Scenes that will make you wonder if the hero will prevail and the villain will get their comeuppance. (It's not always a guarantee in Nick DeWolf's world.)
What is PULLING STRINGS about? Oh, come on. You can read the plot synopsis yourself. Why would I waste time rehashing what you already know?
The synopsis wasn't enough to get you to buy the book? What about this:
Much like the villain in his book, Nick DeWolf likes to mess with your head. PULLING STRINGS is like nothing else out there: a trippy, surreal story of suspense where no one is safe, and the next twist in the story is nothing you can predict. The hero is tarnished, the villain is despicable, and the action and set pieces in this book are like nothing you've seen (or read) before. In fact, if there's an author out there that can write a better action scene than Nick DeWolf...
Forget that. There isn't.
Reading PULLING STRINGS is like barreling down a mountain road at a hundred miles an hour, and realizing your driver is a madman. Pick it up and read it before Hollywood gets the rights and screws it up.
Slade Grayson 


AUTHOR'S BIO:

Every story Nick DeWolf has ever written that's any good came from a dream. Clearly, he doesn't sleep well. 

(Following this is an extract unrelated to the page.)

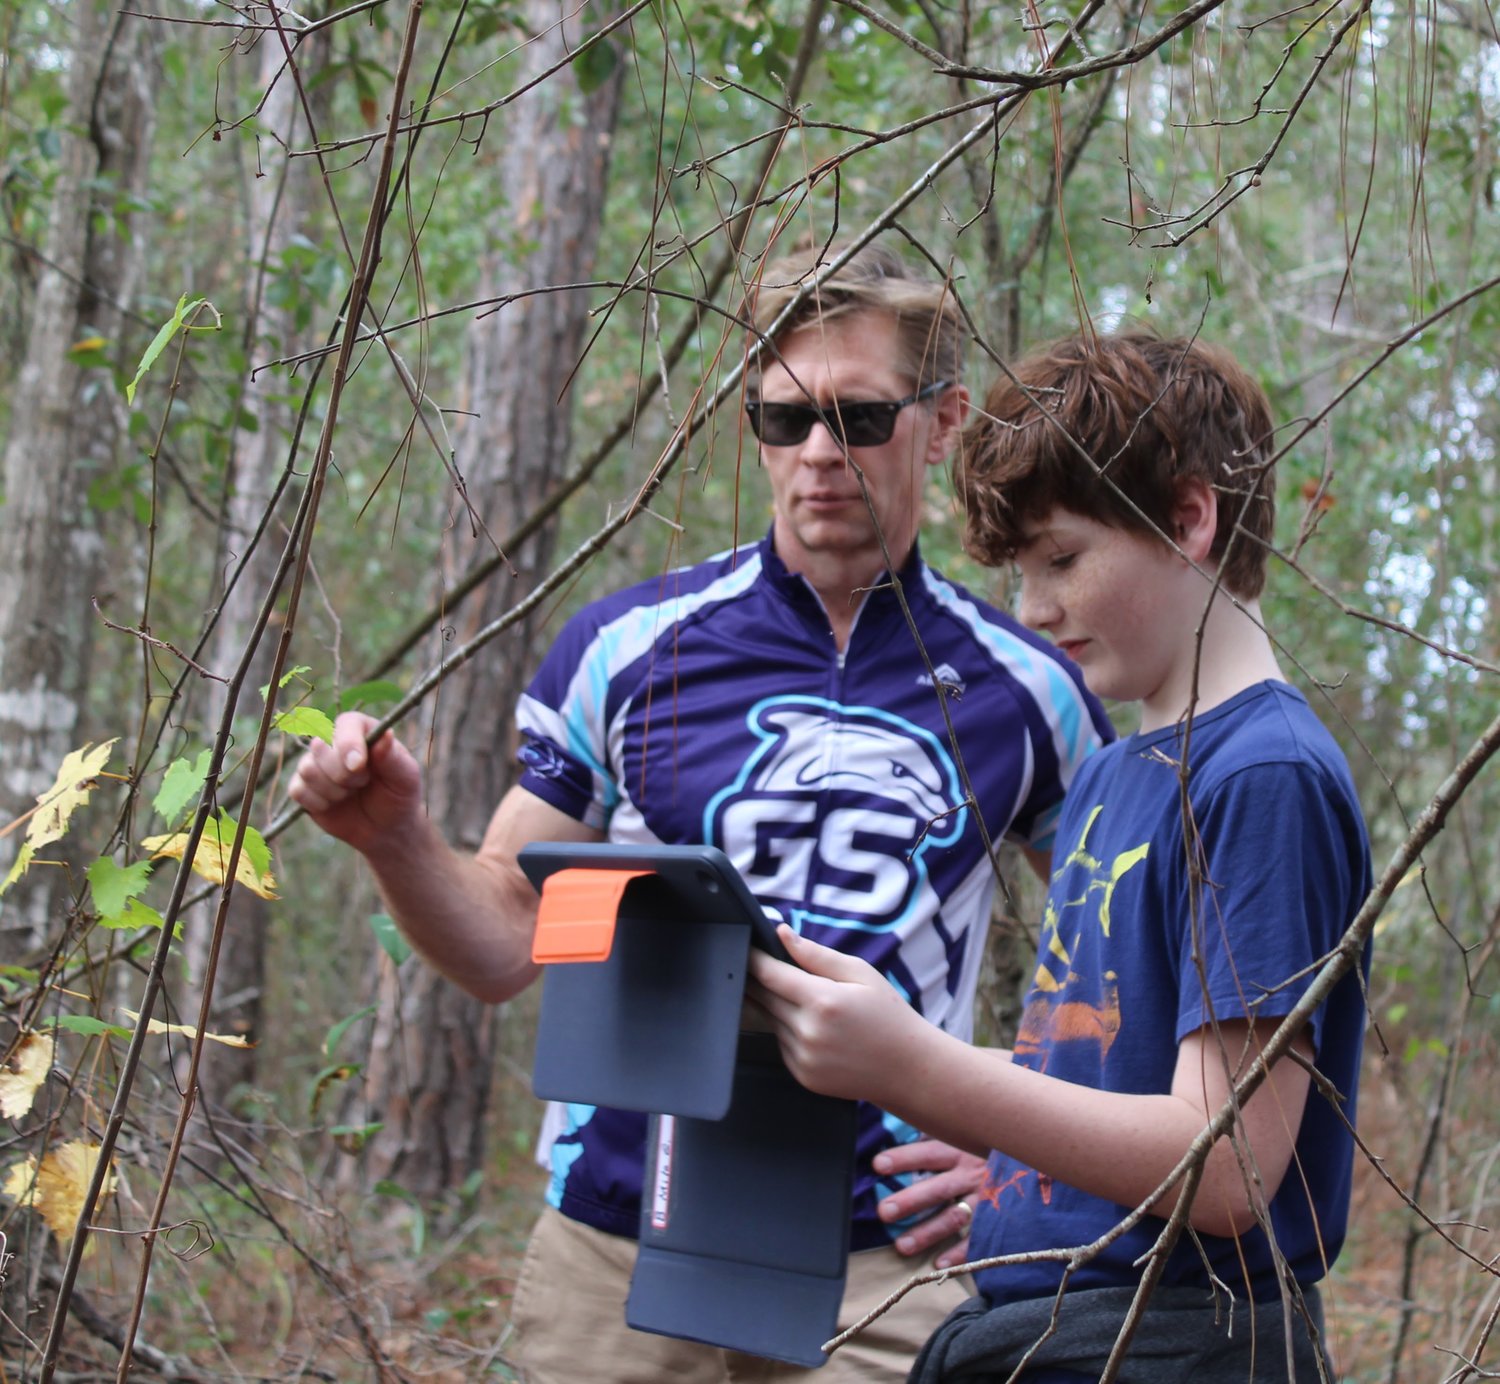 Alabama State Superintendent, Dr. Eric Mackey joined students in the wood to identify leaves.

He's a father, a worker, a beer brewer, and cooks a half-decent stir-fry. He waited until the age of 37 to both get a tattoo, and learn to ride a bike. He loves his five kids, hates prejudice, believes in science, and sometimes gets uncomfortably excited about well prepared food.
He is the author of PULLING STRINGS, FRIGHTFULLY EVER AFTER, and the short story RUSTY'S RUN from THE WILL TO SURVIVE: A CHARITY ANTHOLOGY FOR HURRICANE RELIEF.